Questioner: I don't understand this business of immediate action.
Krishnamurti: What is action? The actual meaning of that word is `to do'. Action implies an active present. But action is the result of yesterday's mannerisms, knowledge, experience, ideas, formulas, which have become established and we act according to them. The memory of yesterday, modified and so on, acts in the present and that creates the future, so in that action there is no active present. I am acting in accordance with a dead thing. (Of course I must have memory in certain categories of activities, technical and so on). But acting according to memory only produces action that is not action at all, it is a dead thing, therefore tomorrow is also a dead thing. So what am I to do? I must learn about action which is totally different from the action of memory. To do this I must see what actually takes place, not intellectually, not verbally, not sentimentally. I have had an experience of anger or of pleasure and that remains as a memory, and according to that memory action takes place. That action from memory increases the anger or the pleasure and it is always accumulating the past - such action from the past is virtually inaction. Can the mind be free from these memories of yesterday so as to live in the present? This must not be a question to which I can obtain an intellectual answer. Nor can the mind, which is of time, which is subject to infinite moods, free itself from the memories of yesterday by trying to live in the present in accordance with the philosophy which says `I must live completely in the present' which says `there is no future, there is no past, that the future is hopeless therefore live in the present and make the best of the present'.

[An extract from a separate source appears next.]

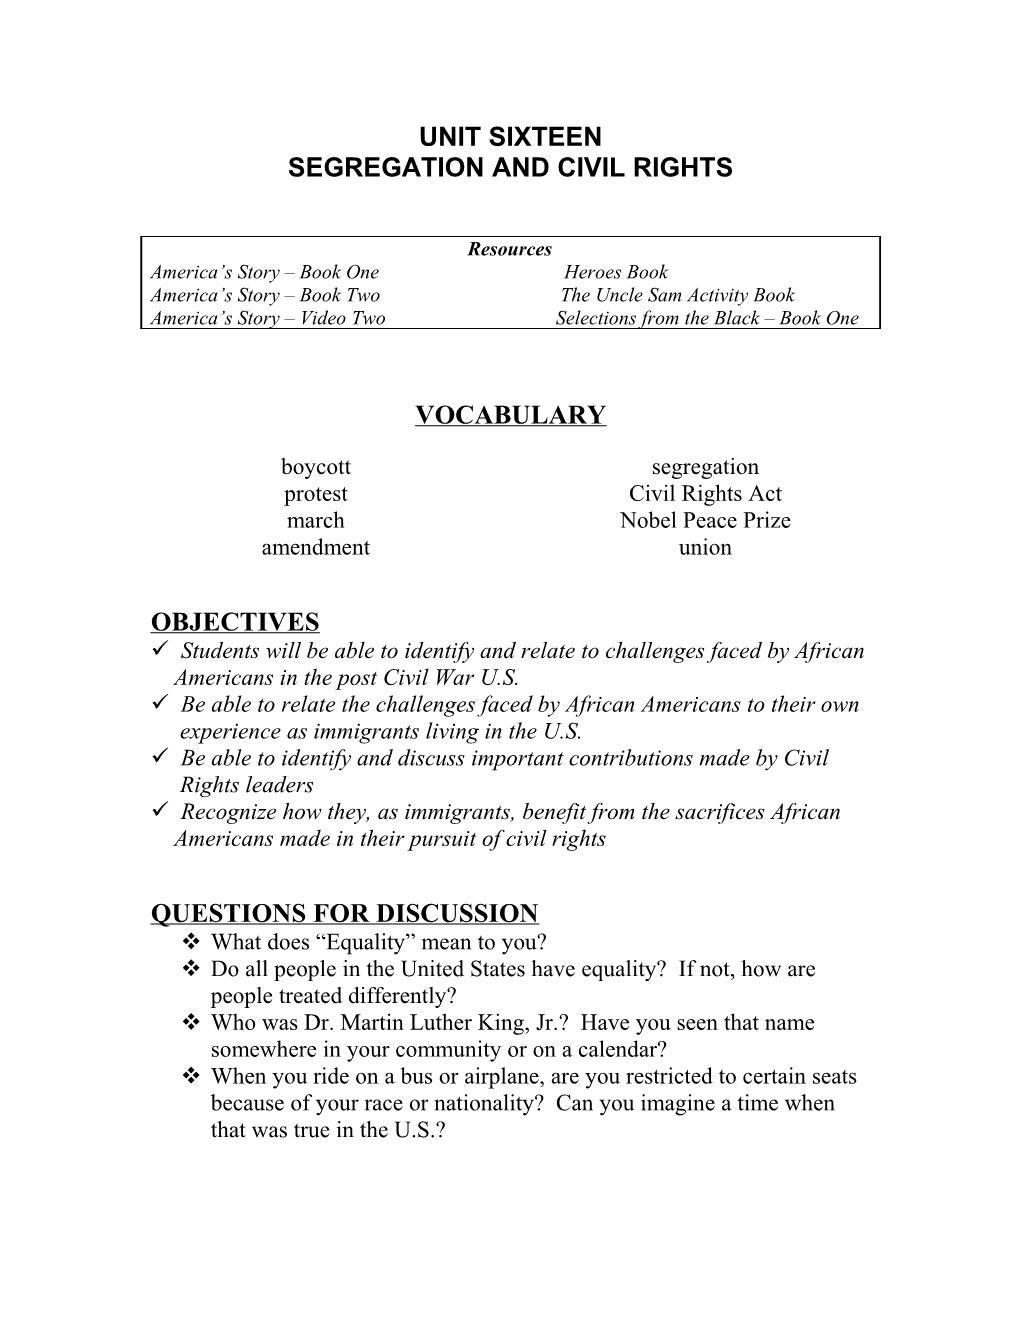 Segregation and Civil Rights

I cannot live in the present if the present is in the shadow of the past. To understand this the mind must be capable of looking and you can only look when there is no condemnation, no identification, no judgement - as you can look at a tree, a cloud - simply look at it. Before you can look at the most complex structure of memory, you must be able to look at a tree, at the ant, at the movement of the river, to look - we really don't. It is far more important to look at the past as memory, and this we don't know how to do.